Figure 2. Simulated experiments can be defined in the
Virtual Wafer Fab using a popup window.

 

Step 7: Modeling The Data

The results of the simulated experiments were used to develop second order polynomial models for Idsat and log Ileak. The fit provided by these models was checked using regression analysis, and found to be excellent. Similar models were developed for the other parameters following the second set of simulated experiments. The fits were again excellent.

The Virtual Wafer Fab also supports neural net modeling. Neural net models can yield significant improvements in accuracy, and the improvement in accuracy often justifies the additional time that is required for training.

 

Step 8: Optimizing The Device

Optimization was performed using the second order polynomial models, and was therefore very efficient. The results obtained for the optimized doses are shown in Table 2. The original values are also shown, as are the electrical characteristics of both structures. An improvement in Idsat of more than 20 % is achieved with negligible degradation of the other parameters.

 

Table 2. The implant doses and electrical characteristics obtained
by the original approach and using simulation-driven optimization.

 

The simulation-driven methodology automatically provides information relating to manufacturability.

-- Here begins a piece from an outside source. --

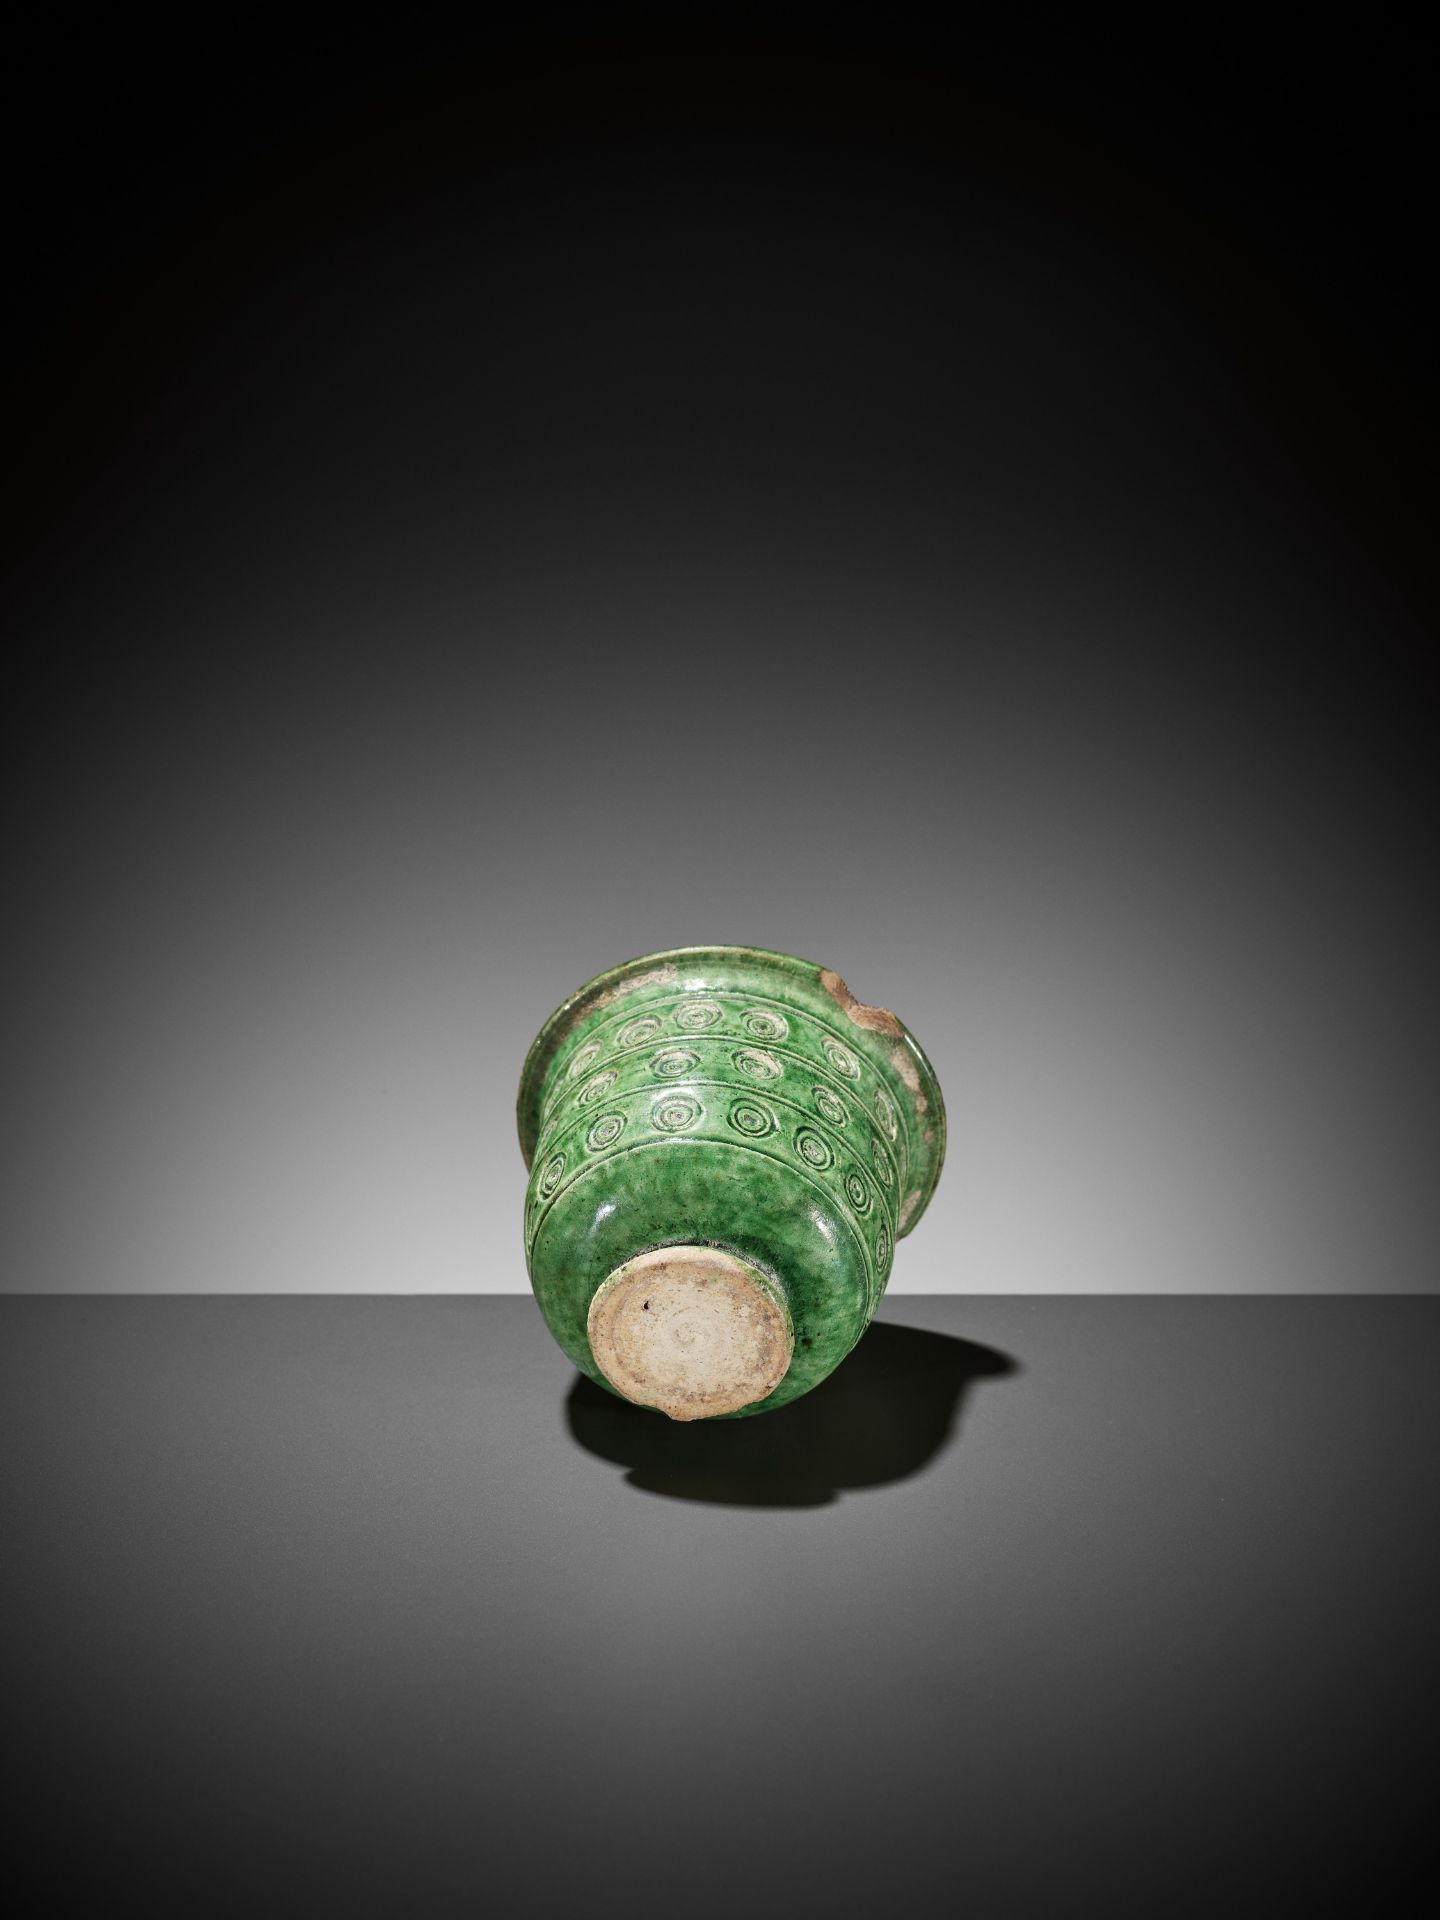 A RARE GREEN-GLAZED BELL-SHAPED CUP, TANG DYNASTY - Image 8 of 8

Differentiation of the polynomial models yields the predicted sensitivities of electrical parameters to process variations. In the present case the process sensitivity calculation revealed no degradation in manufacturability.

 

Step 9: Experimental Confirmation

The final step in each optimization loop is experimental confirmation. A significant improvement in performance is usually obtained providing the initial calibration was done carefully. A judgement must then be made concerning the need for another pass through the optimization cycle. When multiple optimization cycles are performed the experimental results that are obtained at the end of each cycle can be fed back to improve the quality of the underlying calibration.

 

Convenience and Cost-Effectiveness

The Virtual Wafer Fab contains tools that substantially automate calibration, screening, the definition, generation, and execution of simulated experiments, modeling simulated data, and performing optimizations. This makes it convenient to use simulation-driven development. The total cpu time required for this study was several hundred hours, and the elapsed time in a networked computing environment was significantly less. Model generation and device optimization required additional hours of engineering time. Overall, a relatively small incremental expenditure of resources can result in significantly improved device and circuit performance.

 

Conclusions

Simulator-driven development methodologies can provide companies with a significant competitive advantage over those companies that still use earlier development methodologies. The Virtual Wafer Fab makes it more convenient to use simulation-driven development.

 

Acknowledgments

Portions of the work described here were contained in a paper presented at the 1994 European Solid State Device Research Conference (ESSDERC). We thank the other authors of that paper[1] for their significant contributions.

 

Reference

1. G. Le Carval, D. Poncet, G. Guegan, J.-P. Caire,
Proceedings Of The 24th European Solid State Device Research Conference,
Editions Frontieres, France, pp. 841-844, 1994.